そして、後半では人格も変化しており、冷酷になっており、好戦的になっている。ただその好戦的な性格が、士官としての冷静さを時に狂わせており、監視役のイリア・パゾムから強化しすぎたと評価されている。
性格だけでなく戦い方も変化している。
ハマーンへの忠誠心は一貫しているものの、決定的に違うのは、前半は騎士道を重んじており、部下に対しても敵に不意打ちや背後からの攻撃はしないように徹底させている。
一方で後半は、自分に従わない部下一派に対して、イリアを使って背後から撃たせ、まるでアーガマにやられたように演出して、取り込んでいる。
なぜマシュマー・セロは強化人間にされたのか?
なぜマシュマーが強化人間にされたか、いくつか仮説を立てることができる。
- 任務への失敗が続き、その責任を取るためマシュマーが志願、あるいはハマーンが命令した
- グレミーのNT部隊の謀反を見越して、キャラ・スーンとともに強化人間としてより強化した
あとは、ダブリンへのコロニー落としをマシュマーに命じるため、道徳の感情を遮断するために強化人間としてメンタルを強化したという考え方もある。
コロニー落としは第1次ネオジオンが下した中で最も悪行の高い行為であり、ハマーンに心酔したマシュマーなら、強化手術なしでやっていた可能性もあるが、自分の美学なども重んじる男のため、その境界でさまよっていたかもしれない。
事実、序盤ではシャングリラコロニー統一のために潜入するが、彼の気の迷いによってジュドーに優勢をとられてしまった。
第1次ネオジオンの強化人間政策について
第1次ネオジオンの強化人間や、クローン強化人間の扱いは、ティターンズの手法をそのまま取り込み、模倣しているやり方になっており、非人道性が高い。

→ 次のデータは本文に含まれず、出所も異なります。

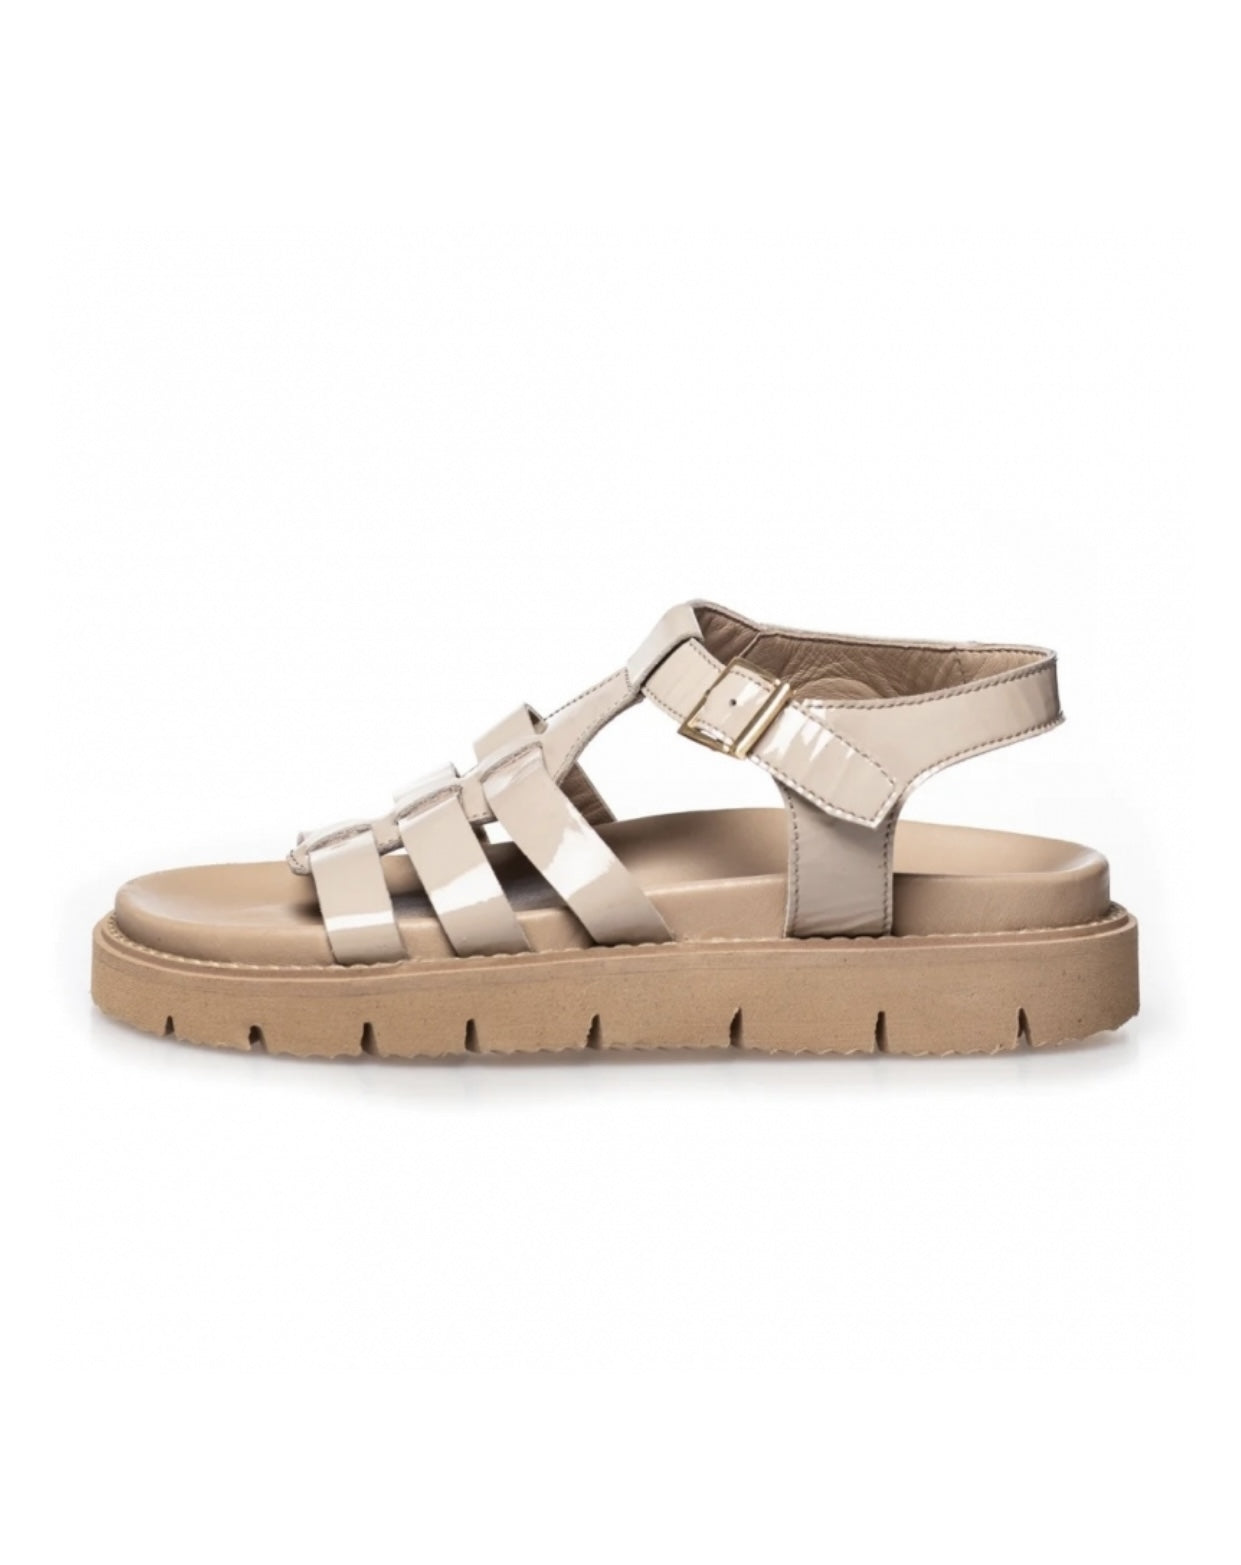 Magic and Girls Sandal NUDE PATENT

グリプス戦役から1年しか経過していないため、ラカン・ダラカンを除いては、まだ若いマシュマーなどを士官にしたり、責任者として重用するしかなかった。
「ルウム戦役を思い出すぜ」みたいな発言をしている旧ジオン兵もいたことから、グリプス戦役で、あまり実戦経験を詰めていない人間が多く、どうしても強化人間に頼らざるを得なかったという実情があったのだろう。

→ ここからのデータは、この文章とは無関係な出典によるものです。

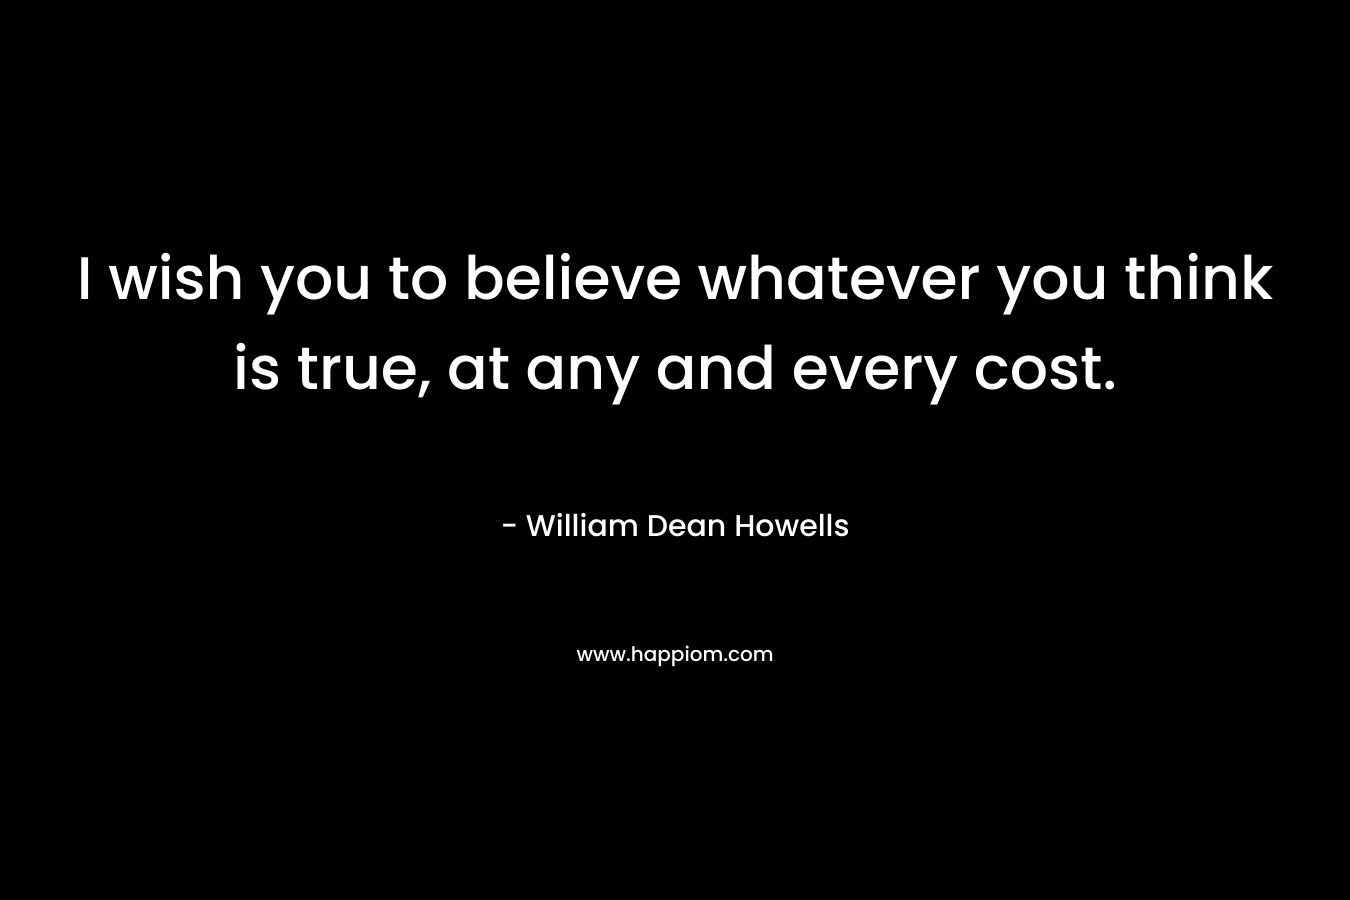 I wish you to believe whatever you think is true, at any and every cost.

純粋なニュータイプは本当に稀で、1年戦争時も腕利きのパイロットを多く抱えていたジオン公国だったが、シャア、シャリア・ブルぐらいで、リクルートしたララァとあわせて3人だけ。
マシュマーがジュドーと最後戦っていたらどうなっていたか?
たらればの話になるが、マシュマーがジュドーと戦っていたらどうなるか。
まず、部下のイリアがリゲルグでかなりZZといい戦いをしていたため、マシュマーのザクⅢ改が加わると、かなり有利に戦える。
しかし、ジュドーも地球での砂漠地帯での戦いを経て、パイロット技術が大きく向上している。
物語の都合上、マシュマーが勝利することはないものの
マシュマーもプルツーや、キャラ・スーンのようにジュドーと触れ合うことで、本来の自分や、道徳的な感情について目覚めていったかもしれない。